Exploring the Multimodal Universe with Groovy™

Author:  Paul King
PMC Member

Published: 2026-07-01 11:00AM


A recent post on X by Georgia Channing (@cgeorgiaw) caught our eye:

Seems like no one’s noticed the 80TB of astrophysics data from 30+ sources that just dropped on @huggingface …​ and you only need ~4GB of RAM to load it. We’re talking over 80TB of galaxy imagery taken across the spectrum, spectra of galaxies and stars, time series of variable stars, and a whole zoo of assorted measurements and physical data. And all of it can now be wrangled on your laptop, thanks to Multimodal Universe’s just released cross-matching.

— Georgia Channing

The accompanying video is a lovely little terminal session: open a couple of enormous astronomical catalogs straight from Hugging Face, cross-match them, pull out one galaxy, and draw the galaxy and its spectrum right there in the terminal. That last part — rendering scientific images inline in a REPL — is something Groovy 6 groovysh can do too, via its /img command, so let’s reproduce the demo.

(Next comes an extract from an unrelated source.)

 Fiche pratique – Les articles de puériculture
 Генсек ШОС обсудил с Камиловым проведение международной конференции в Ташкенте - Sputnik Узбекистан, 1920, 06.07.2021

Full credit to Georgia Channing for the original post, and to Mike Smith (@smith42mike) who led the cross-matching work that makes the Multimodal Universe accessible on a laptop.

What is the Multimodal Universe?

The Multimodal Universe is a large, community effort (presented at NeurIPS 2024) that gathers around 100TB of astronomical data from more than 30 surveys into a single, machine-learning-friendly collection: galaxy images across multiple wavelength bands, optical spectra of galaxies and stars, time series of variable stars, and assorted catalog measurements. It is published as a family of datasets on the Hugging Face Hub.

The magic trick behind "wrangle 80TB on a 4GB laptop" is cross-matching with LSDB on top of the HATS format: the catalogs are spatially partitioned (by position on the sky using HEALPix), so joining 800k objects from SDSS against 122M objects from Gaia only ever needs to hold a few partitions in memory at a time. You never download the whole thing.

We are going to focus on the visualization half of the demo, using two of the datasets:

  • UniverseTBD/mmu_gz10 — galaxy imagery derived from the Galaxy10 DECaLS set, which pairs citizen-science Galaxy Zoo morphology labels with 256×256 colour cutouts from the DESI Legacy Imaging Surveys. Each row conveniently carries a ready-made RGB PNG.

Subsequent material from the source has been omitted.